Audiovisual Informed Consent Process in Vaccine Trials: Experience from North India

Although it is mandatory in India to obtain freely given, informed, written consent from a study subject before enrolment in a clinical trial, there have been several complaints about the misuse of this provision by research institutes, pharma companies, and clinical research organisations that are engaged in clinical trials. Audiovisual (AV) recording of the informed consent process in a clinical or vaccine trial has been used as a means to ensure preservation of the rights and well-being of participants, especially those from vulnerable populations. This paper describes the experience of the authors/investigators with obtaining AV consent from subjects' (healthy infants) parents in a phase III rotavirus vaccine trial so as to document the process involved in AV consenting, including the queries raised by the participants and how the queries were addressed.

Out of 155 parents/guardians of participating infants who were contacted to be a part of the study, 50 were reluctant to participate in the study trial (not necessarily in the AV consenting process). Among 105 parents/guardians of participating infants who expressed initial willingness to participate in the trial, all agreed to undergo the AV consenting process, and 100 finally consented to participate and were enrolled in the study. So, the participation rate was 64.5% (100/155) among those who were contacted, and 95.2% (100/105) among those who underwent AV consenting process. It was observed that only mothers most often did not decide by themselves whether or not to participate in the study and came back after a day or so to give their final response. When both the parents were present, they often took the decision on the spot. In one case, the parents consulted their family physician before deciding to participate in the study.

A portion of a room was dedicated for AV recording through artificially erected barriers to maintain participant confidentiality and eliminate outside noise in the recording. Recording was done using a webcam (C9210 Logitech HD Pro) mounted on a desktop computer. As the first step, consent to record audio and video for AV consent gathering was obtained from the parents/guardians. The written informed consent form was provided in English, Hindi, and Punjabi. A structured AV consent module was followed to ensure that all the components of informed consent were covered. Adequate time was given for the discussion and settling of queries. Information was given individually in the language that each participant was most conversant in. In case of participants who were illiterate, AV consenting was done in the presence of an impartial witness.

AV recordings of the 100 patient representatives were transcribed and later translated into English for a thematic analysis of the text. A total of 105 queries were raised by 55 participants. The majority of the queries were around whom to consult in case of any emergency (22; 21%), risks to the baby as a result of the vaccine (20; 19%), vaccination schedule and any change in the schedule (15; 14%), and what would happen if they had to go out of the city (10; 9.5%). Among those who gave consent to participate in the study, it was seen that those who were educated up to middle school and matriculation were more likely to ask questions of the researchers compared to those who were educated less than that or more.

The authors/investigators worked to patiently listen to and address all queries, allaying most fears, especially those related to adverse events following intervention. They state: "The AV consent process takes a considerable amount of time, but it is a one-time activity and deserves the time it warrants." They contend that the AV process ensured: transparency and accountability of the investigators, a responsive referral mechanism in case of adverse events, an opportunity to build initial rapport with the participant, complete vaccination of the trial subjects, and provision for free private care consultation, depending upon the willingness of the parents. These benefits of the AV consent process might have led to a higher participation rate.

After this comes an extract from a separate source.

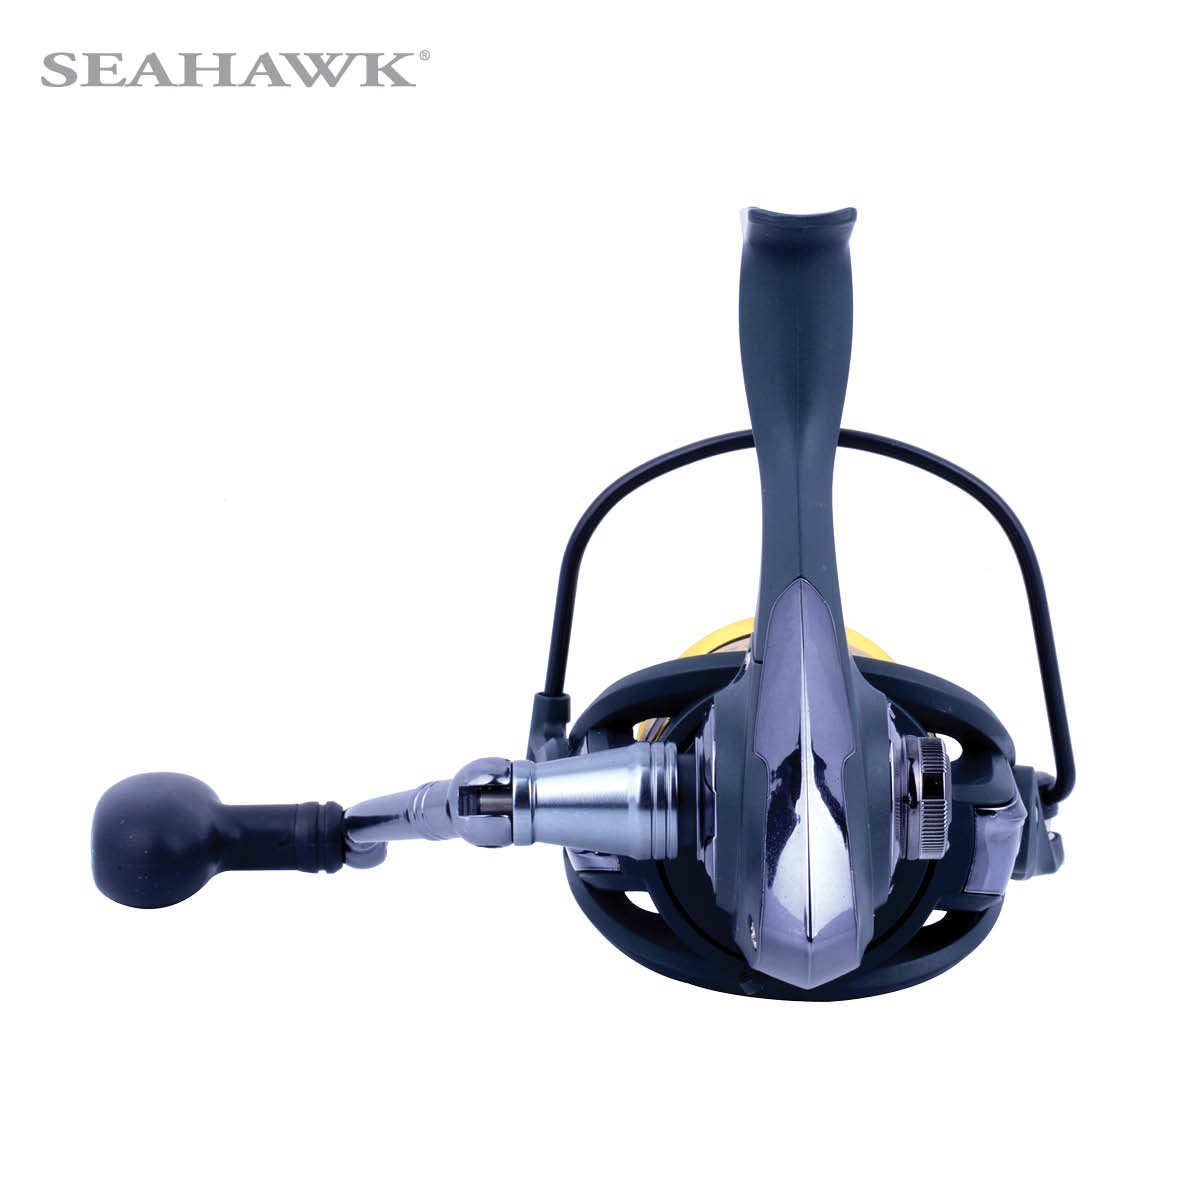 Seahawk Fishing Malaysia  Tournament Pro Spinning Reel

Based on their experience, the authors/investigators recommend that the regulatory agencies further standardise the AV consent process by: (i) formulating a list of frequently asked questions with answers supplied by individual study investigators, and (ii) specifying the technical specifications of devices to be used for AV recording.

In conclusion: "The participation rate in this vaccine trial, among those who underwent the AV consent process, was very high due to the descriptive and rigorous process followed. The findings of this study will assist researchers involved in conducting vaccine/clinical trials to understand the importance of the AV consent process and build their capacity to narrate all the study procedures in detail, including the likely side effects of the investigational product. It will also assist them in dealing with participant queries with increased confidence."